§ What to do
Where the data below shows a picture, leave that picture out and copy the rest exactly.

§ Data below
Content starts

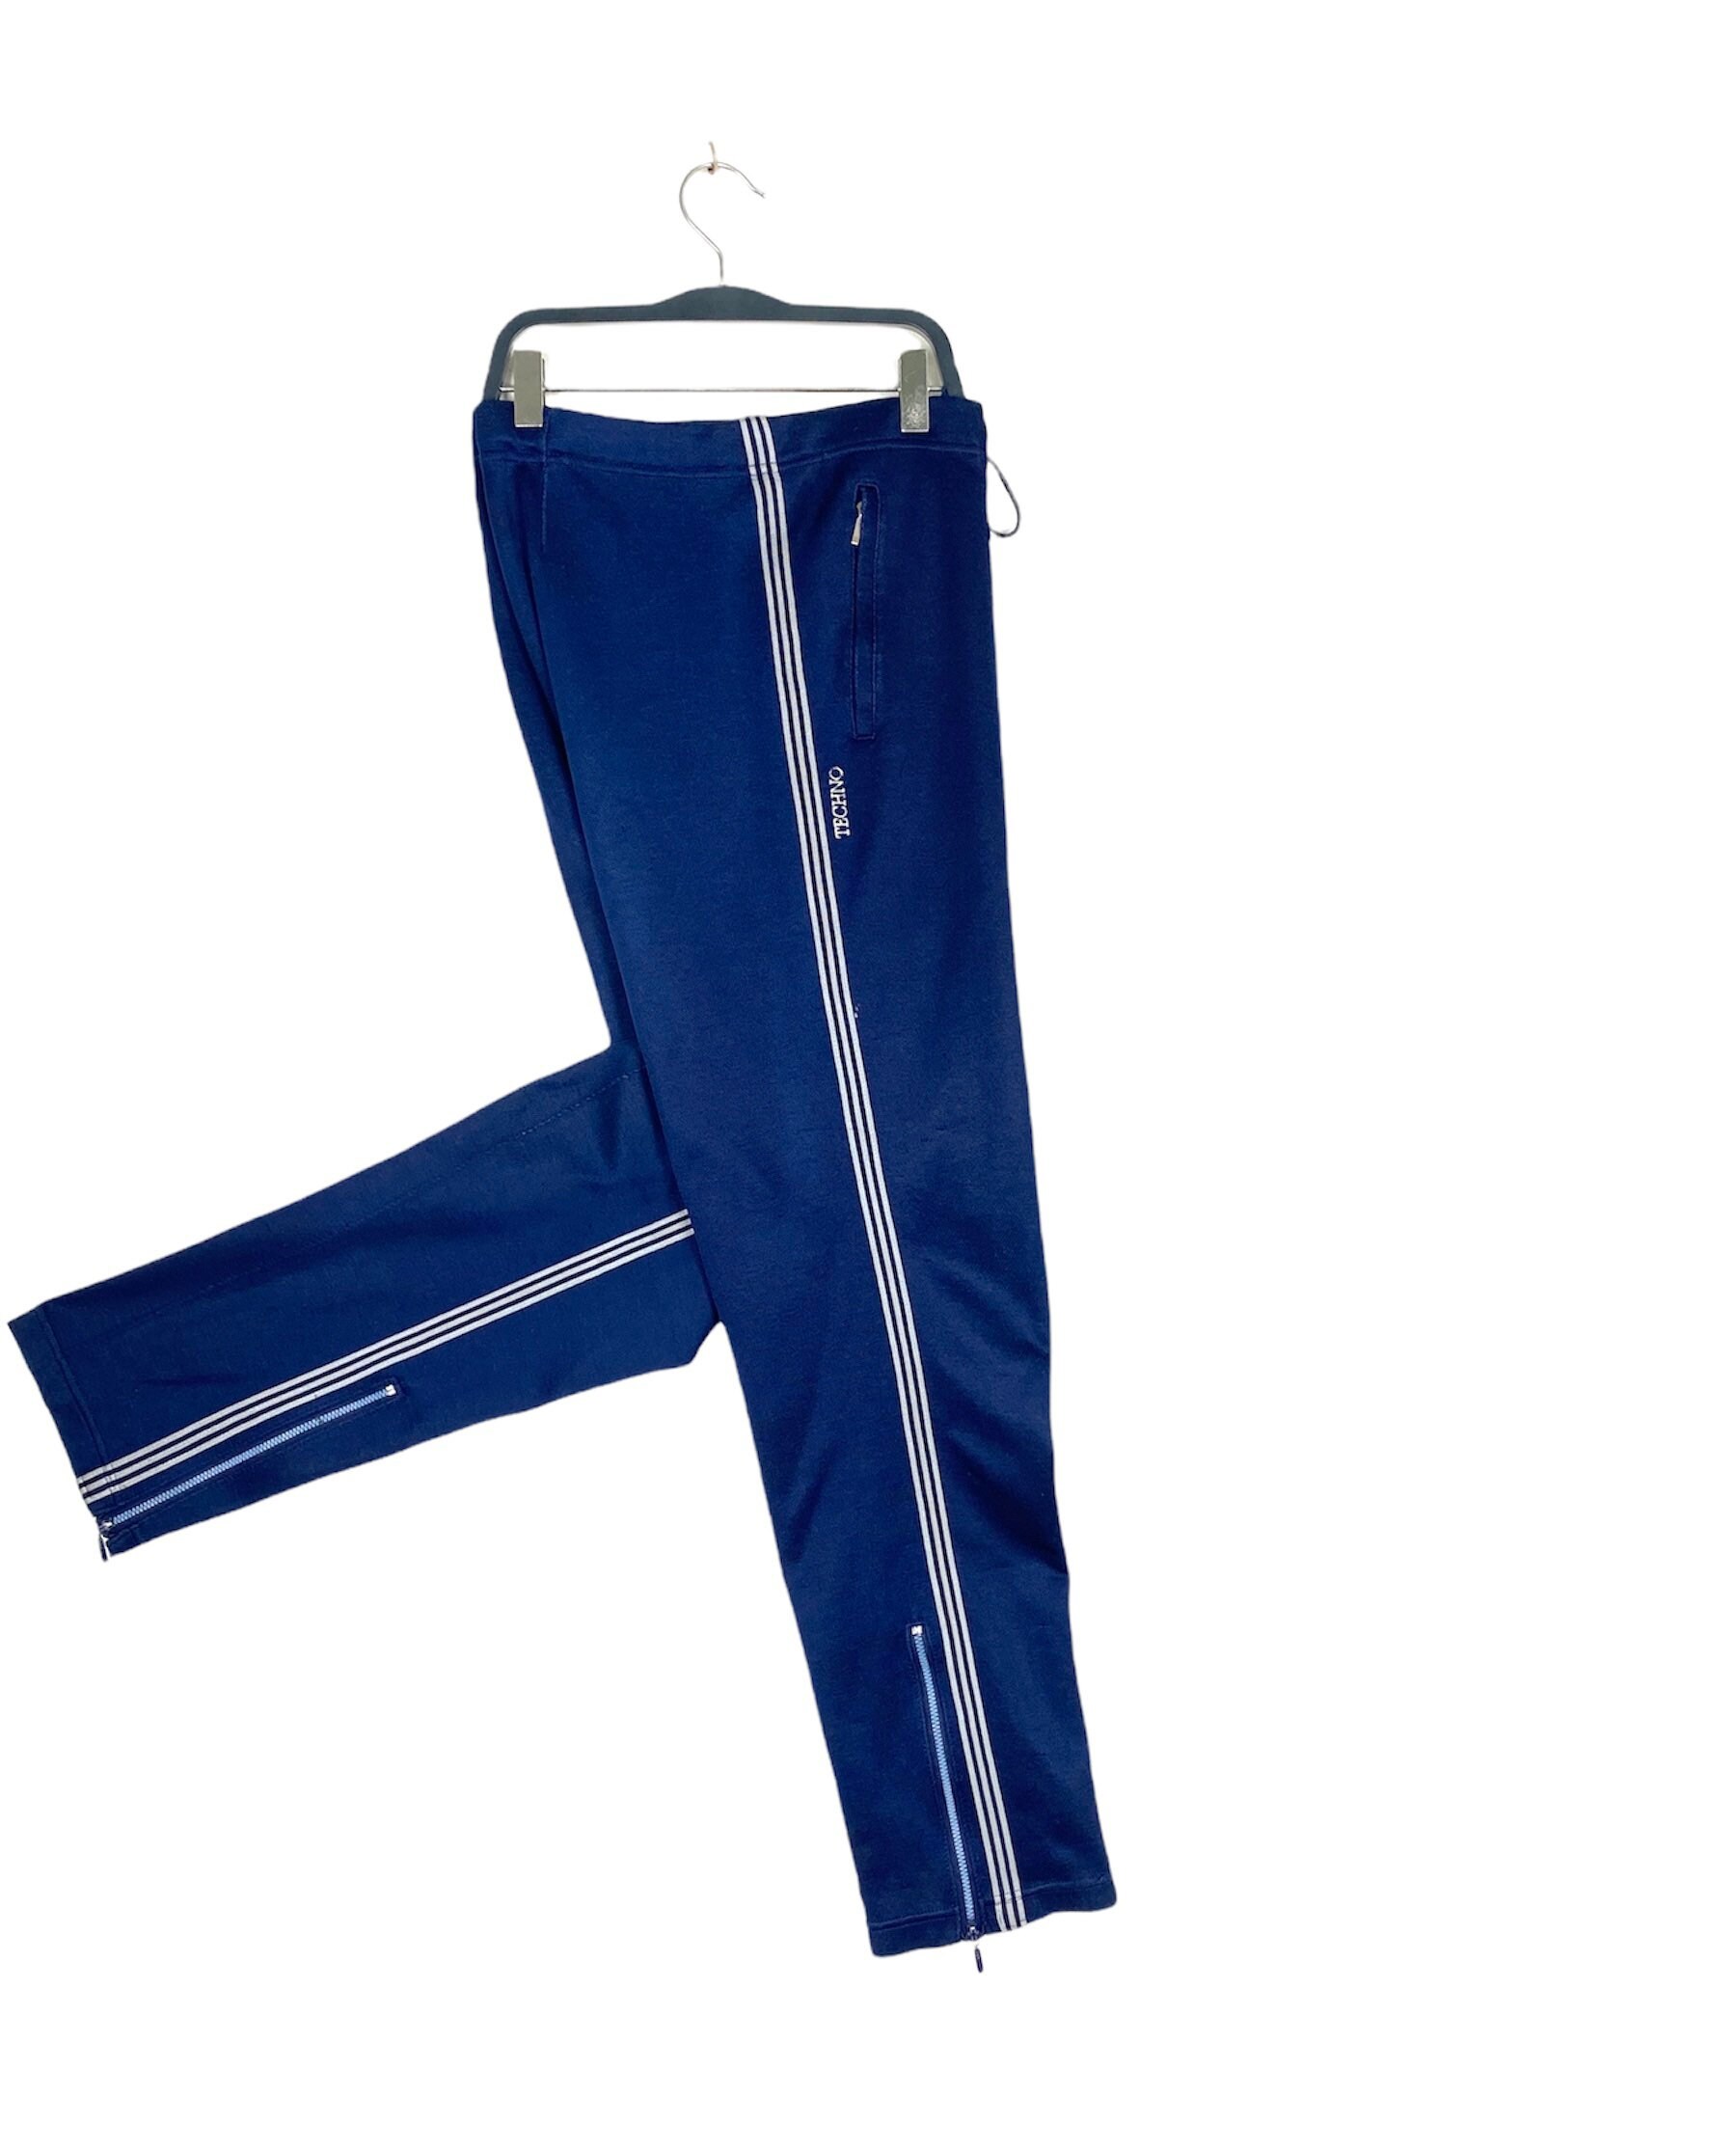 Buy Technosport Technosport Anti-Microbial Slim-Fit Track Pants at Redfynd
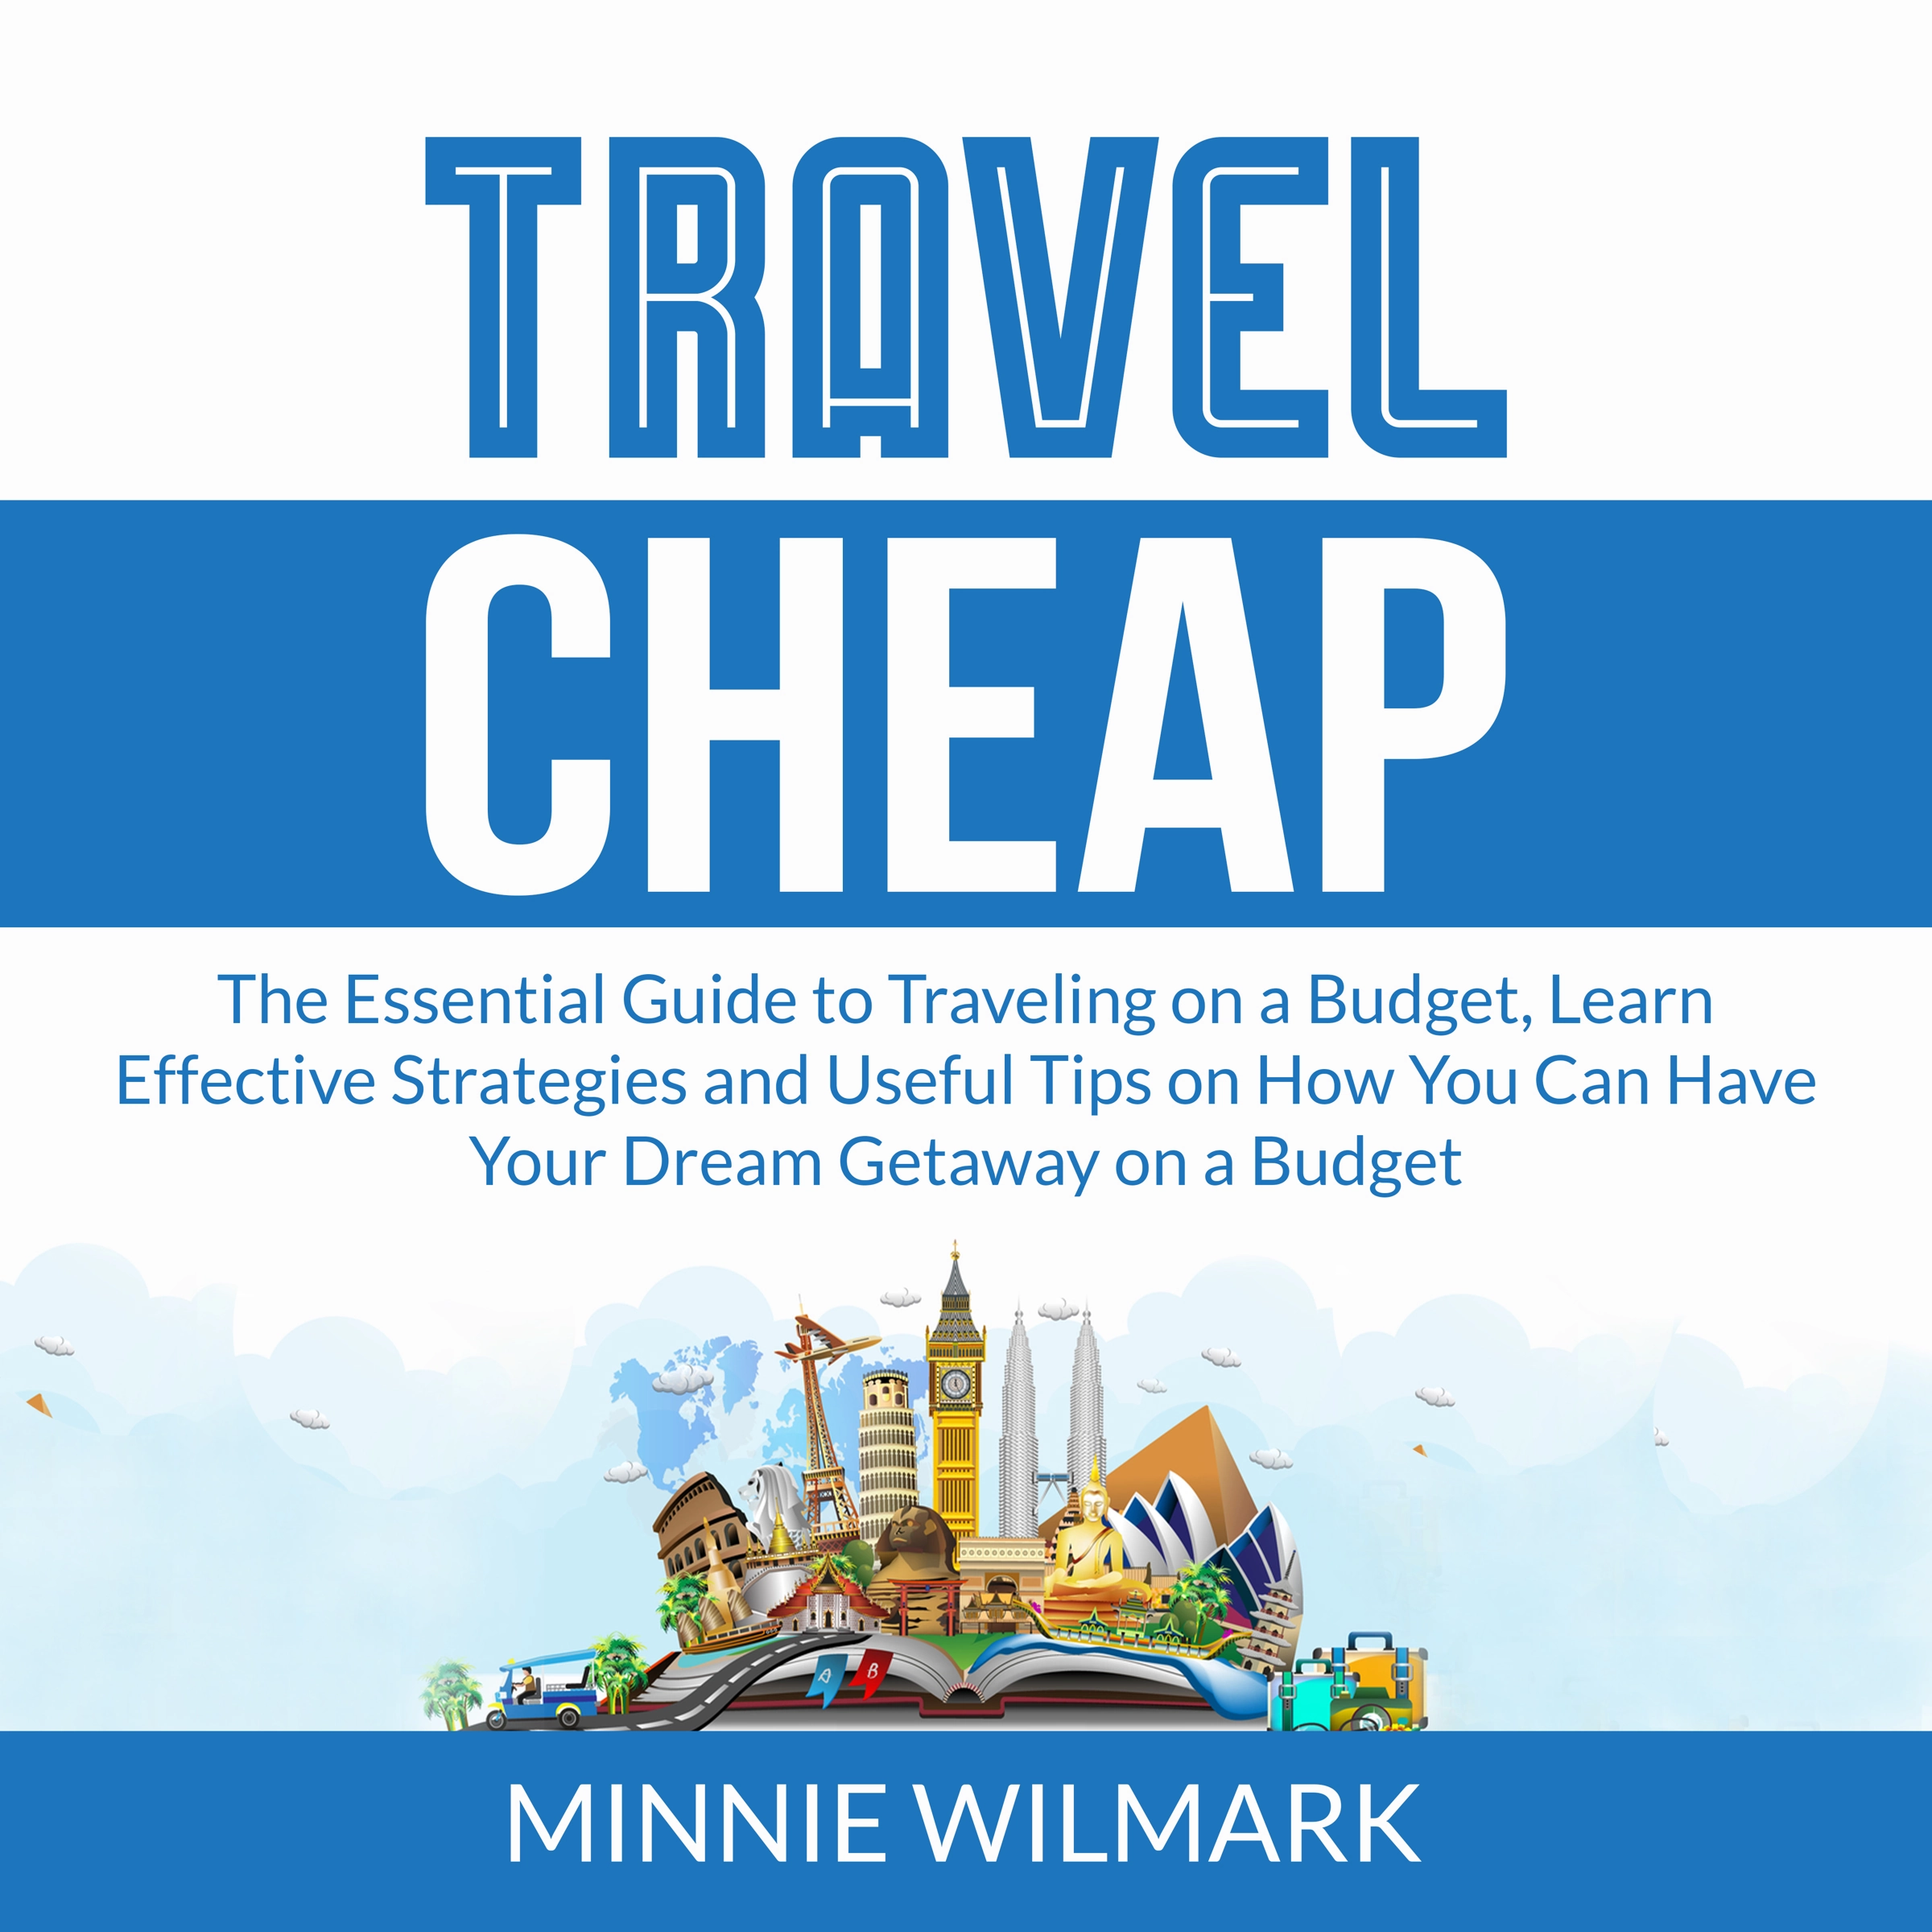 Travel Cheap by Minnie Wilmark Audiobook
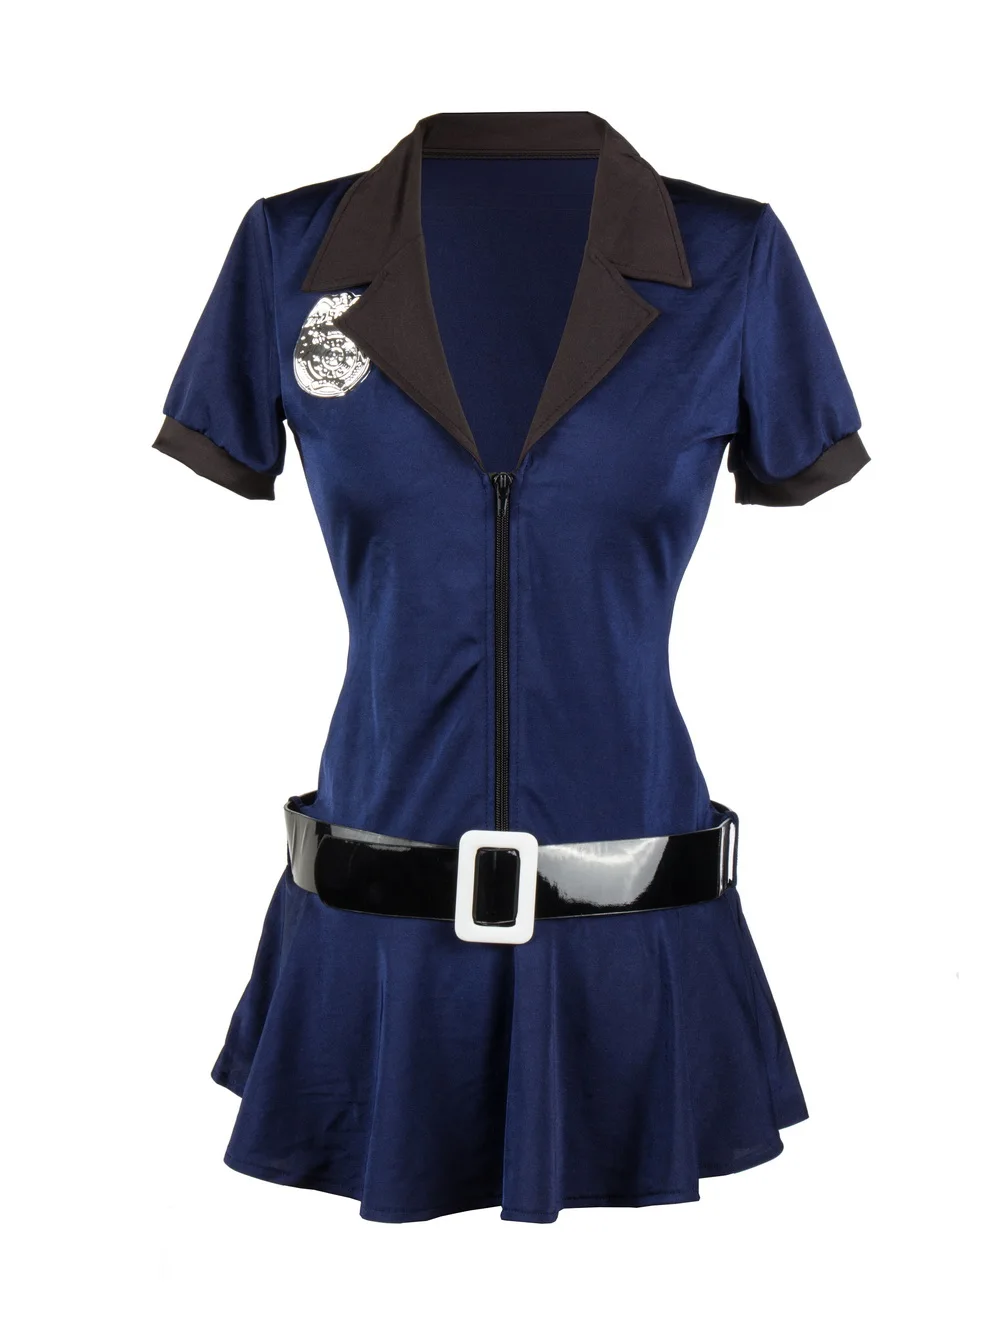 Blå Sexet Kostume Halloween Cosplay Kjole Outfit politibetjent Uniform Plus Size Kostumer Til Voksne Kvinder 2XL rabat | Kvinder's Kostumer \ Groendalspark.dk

Content ends

§ Solved exercise
 Buy Technosport Technosport Anti-Microbial Slim-Fit Track Pants at Redfynd
 Travel Cheap by Minnie Wilmark Audiobook
 Blå Sexet Kostume Halloween Cosplay Kjole Outfit politibetjent Uniform Plus Size Kostumer Til Voksne Kvinder 2XL rabat | Kvinder's Kostumer \ Groendalspark.dk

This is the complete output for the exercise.